We've also improved our process for taking out servers with SMART alerts by creating a script which smartd will call when there's an issue.  In order to automate this, we've allowed the smartd check to take out servers at will. Modifying the smartd.conf script a bit, we use the check to call our shell script which does a few checks to gracefully stop the hadoop and hbase processes. This spreads out the existing data on the effected disks to healthy servers. We've also included a check to make sure the number of servers we take down does not exceed our hadoop HDFS replication factor, which further prevents the increase in the risk of removing multiple replicated blocks of data. Once all is complete, the script will notify the Operations team of the tasks performed or skipped. We have open sourced this script on our Github account here so you can fork and use it yourself.

What about the physical disks? Instead of having an engineer go down and take out disks from each server, we plan on utilizing our Remote Hands to perform that task for us, so we can focus on handling the broader-reaching issues. There were times where we batched up disk collection and engineers would carry 30 drives back to the office (walking barefoot, uphill both ways).  
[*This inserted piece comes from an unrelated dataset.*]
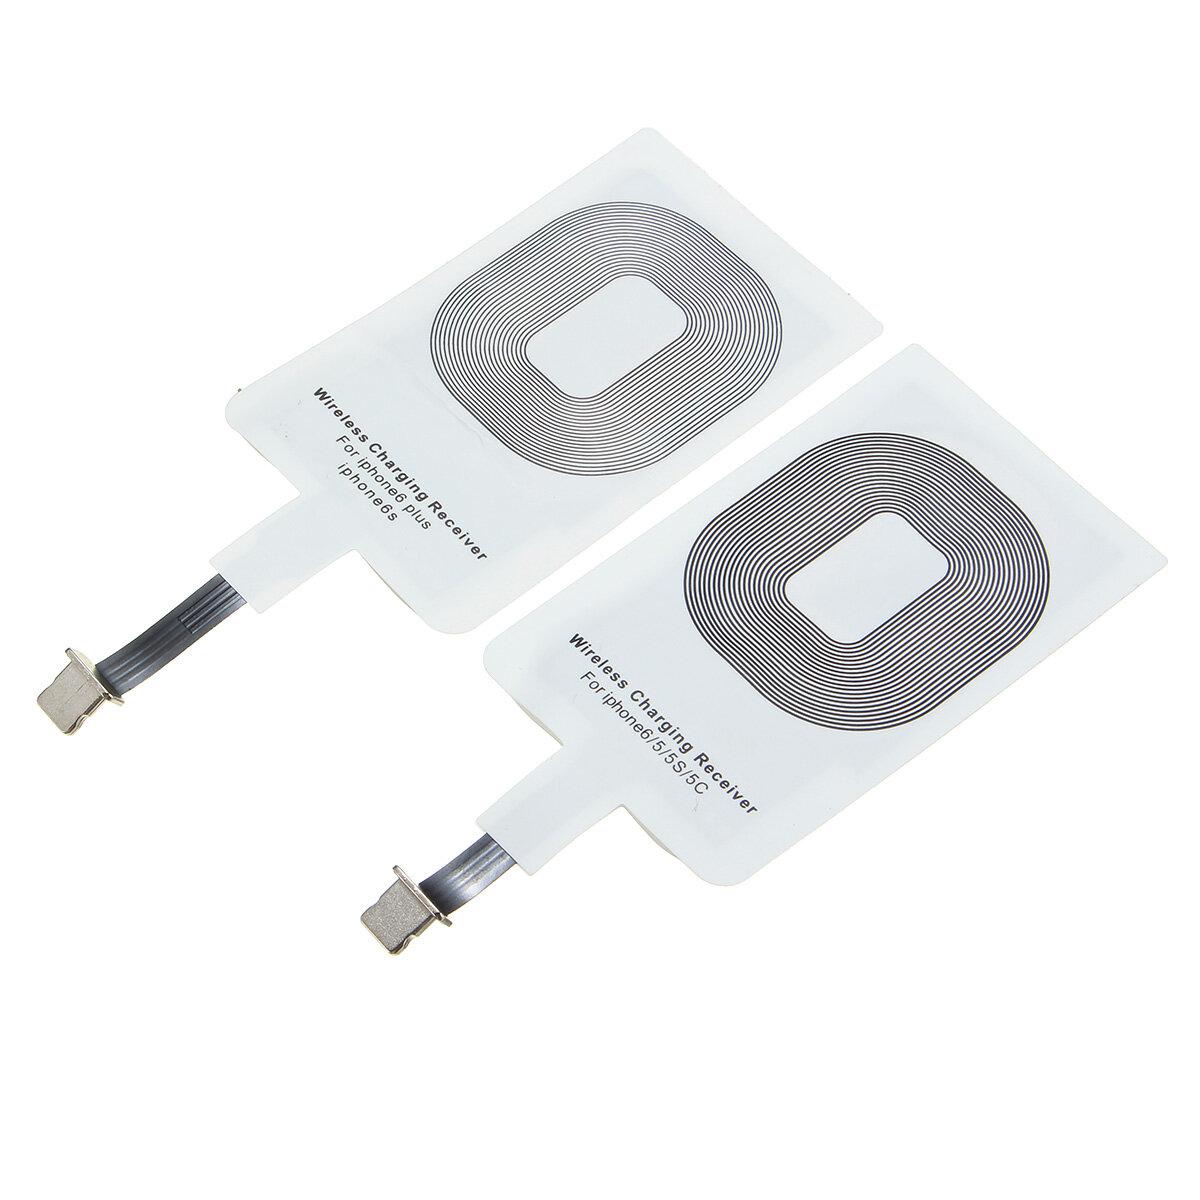 Qi Зарядное устройство для беспроводного зарядного устройства Приемник Коврик для зарядного устройства для Iphone 5S 5C 6 6plus

As always, we're trying to do things more efficiently.  A few improvements we have in the plans include:

  1. Having the script unmount the bad disk and bring the server back into production.
  2. The script will email Remote Hands with the server, disk, location and issue, for them to swap the bad drive.
  3. Once the disk is swapped, mount the new drive and return the server into production.
  4. Adapting the script to handle other hardware alerts/issues (network cards, cables, memory, mainboard)

We've learned from those grueling earlier days, and continue to make hardware management a priority.  With a small team managing a large cluster, it's important to lean on automating simple, repetitive tasks as well as utilizing the services you are already paying for.  I, for one, welcome our new robotic overlords.